--- REQUIRED WORK ---
Once the line containing "Giapponese schermo Namban" is found in the entries below, reproduce it and every line after it, stopping at and including the line containing "Schwedischer Beistelltisch des"; reproduce nothing else, and keep each line exact.
____ DATA FOR THE TASK
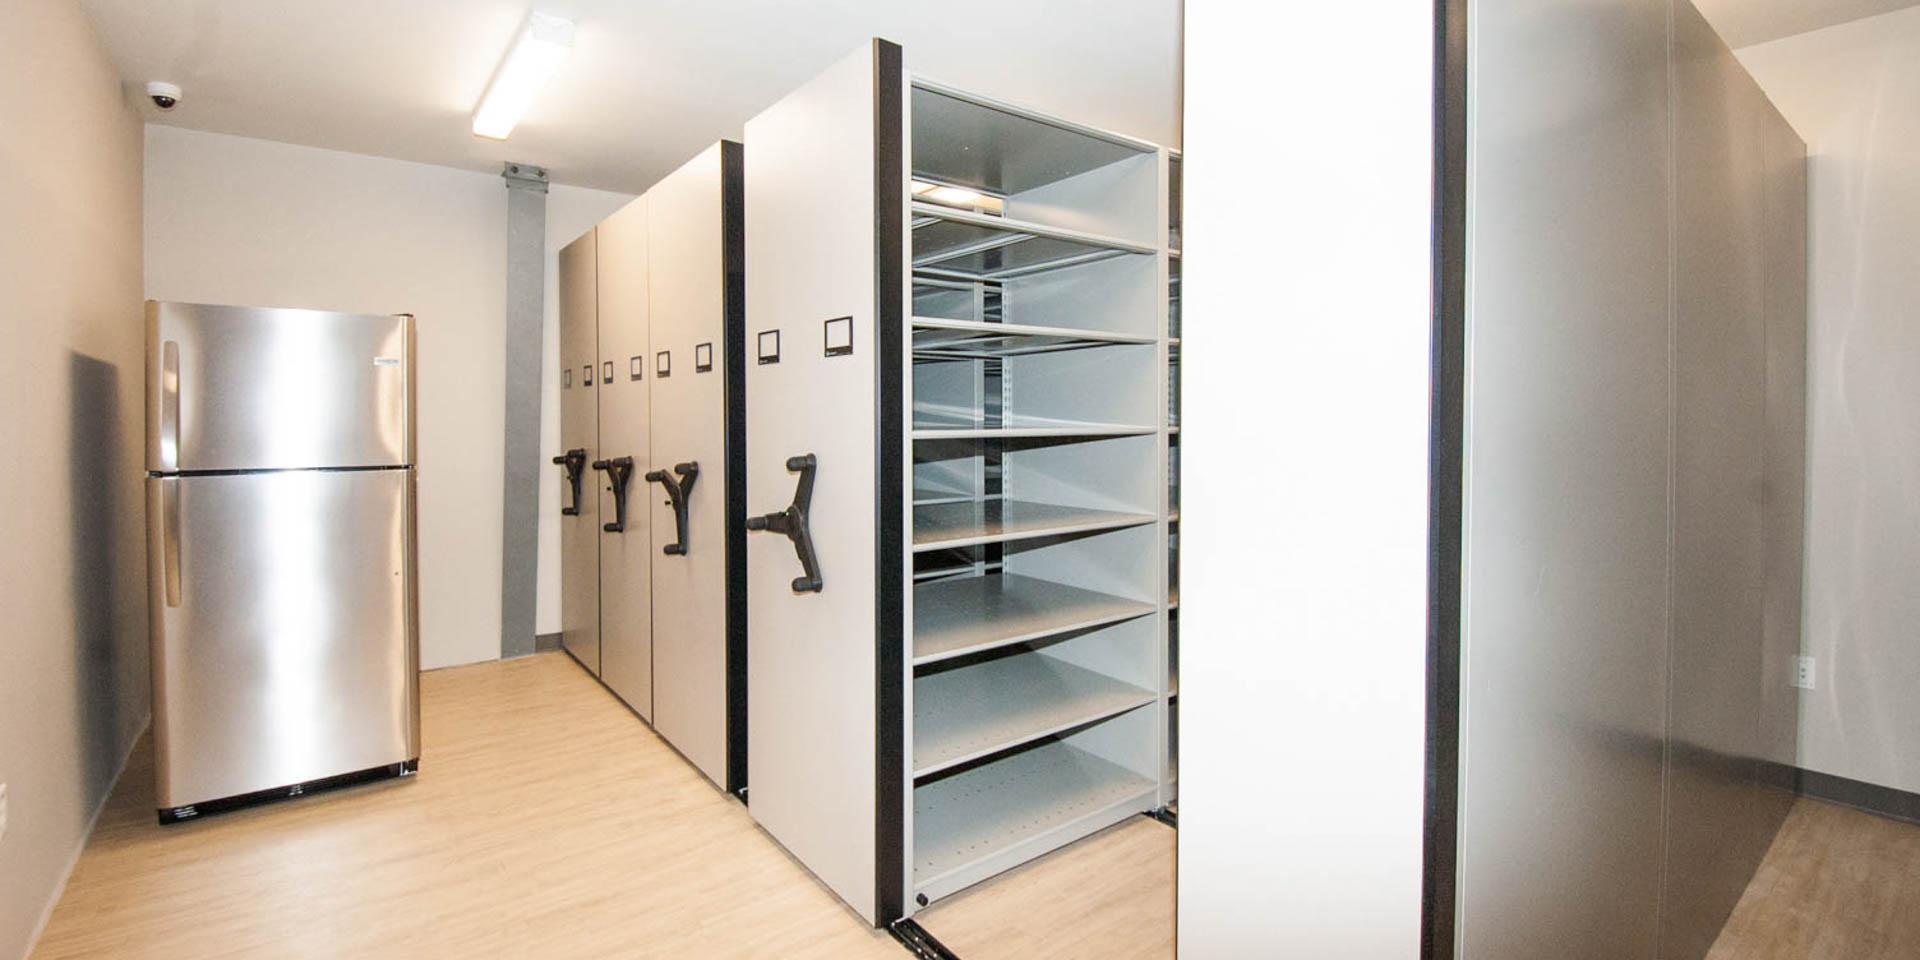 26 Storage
________
____ DATA FOR THE TASK
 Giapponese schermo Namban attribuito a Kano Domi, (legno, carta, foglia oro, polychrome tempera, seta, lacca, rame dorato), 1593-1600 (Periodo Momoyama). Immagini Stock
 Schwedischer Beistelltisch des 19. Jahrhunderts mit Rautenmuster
________
____ DATA FOR THE TASK
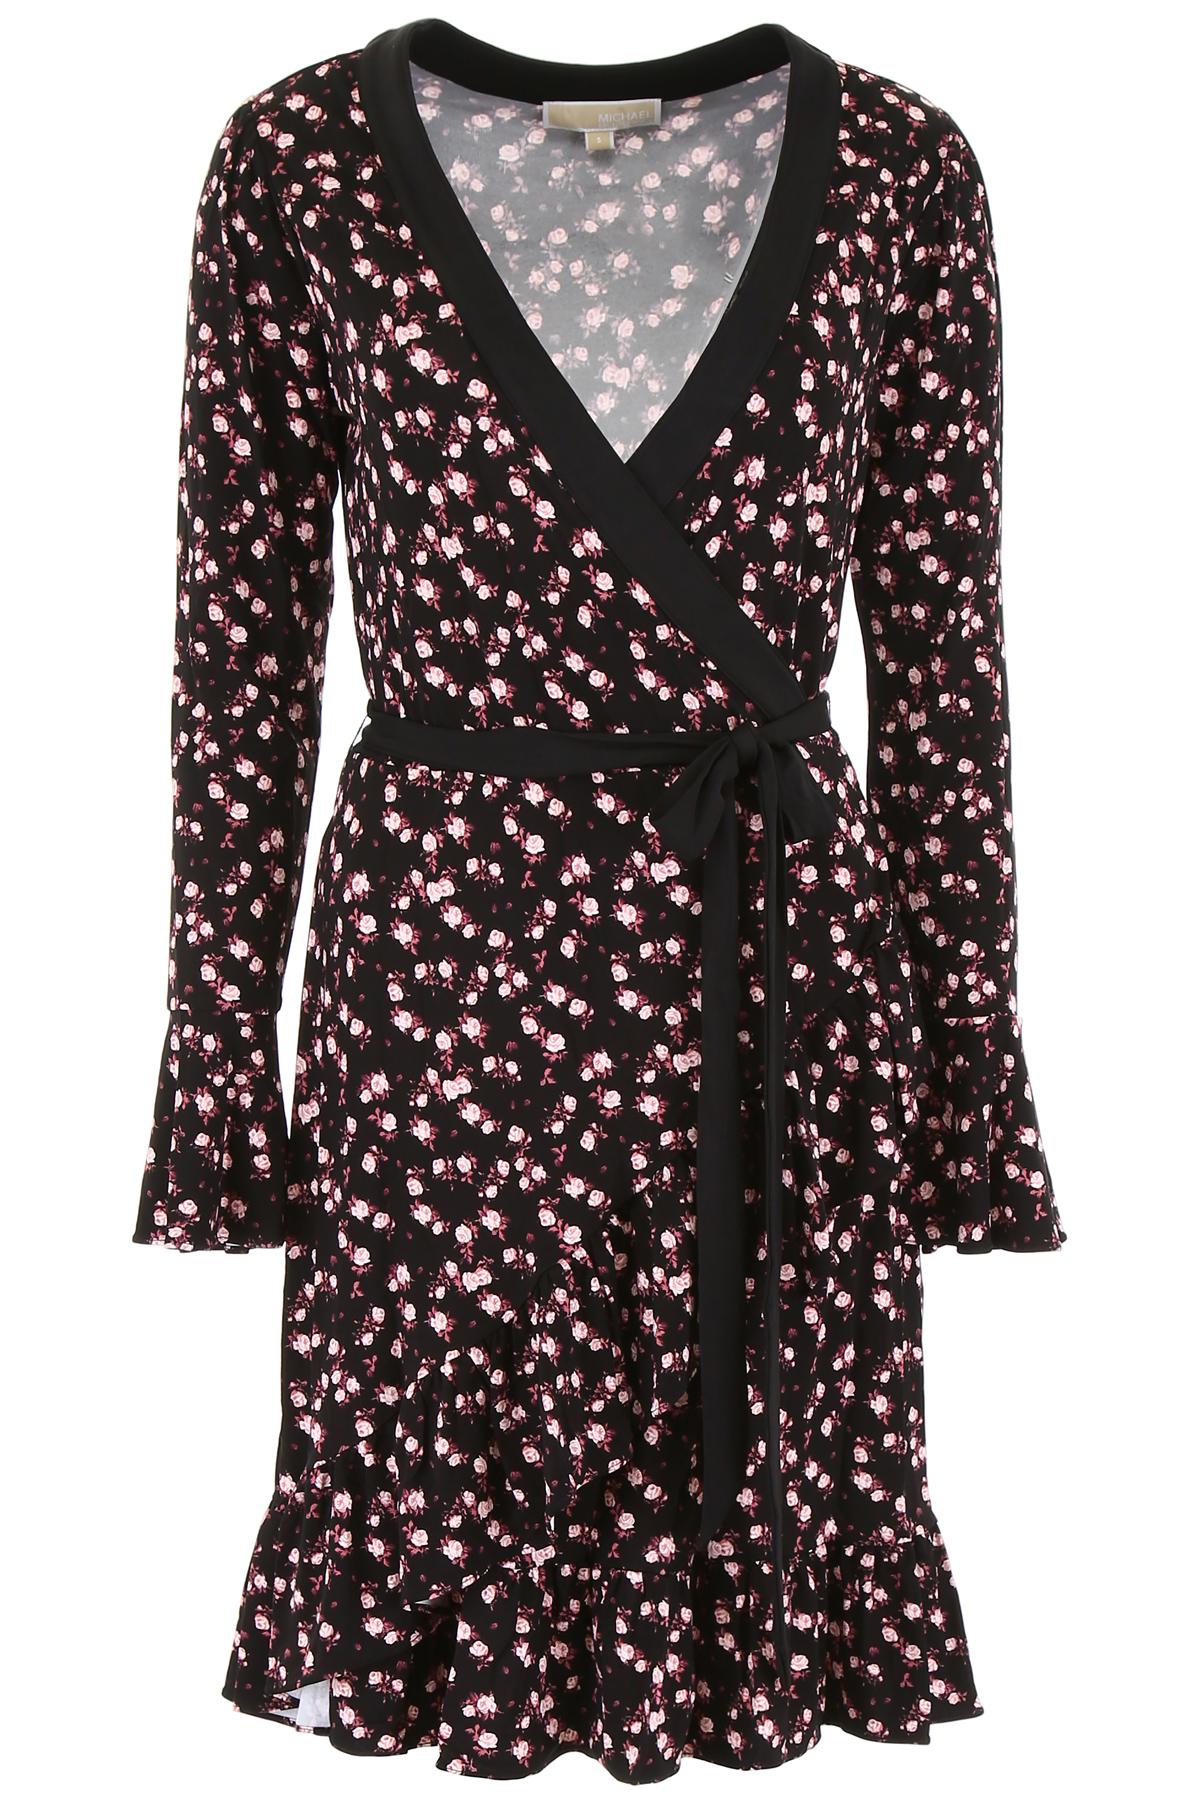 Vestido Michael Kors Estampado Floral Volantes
________
--- WRITTEN ANSWER ---
 Giapponese schermo Namban attribuito a Kano Domi, (legno, carta, foglia oro, polychrome tempera, seta, lacca, rame dorato), 1593-1600 (Periodo Momoyama). Immagini Stock
 Schwedischer Beistelltisch des 19. Jahrhunderts mit Rautenmuster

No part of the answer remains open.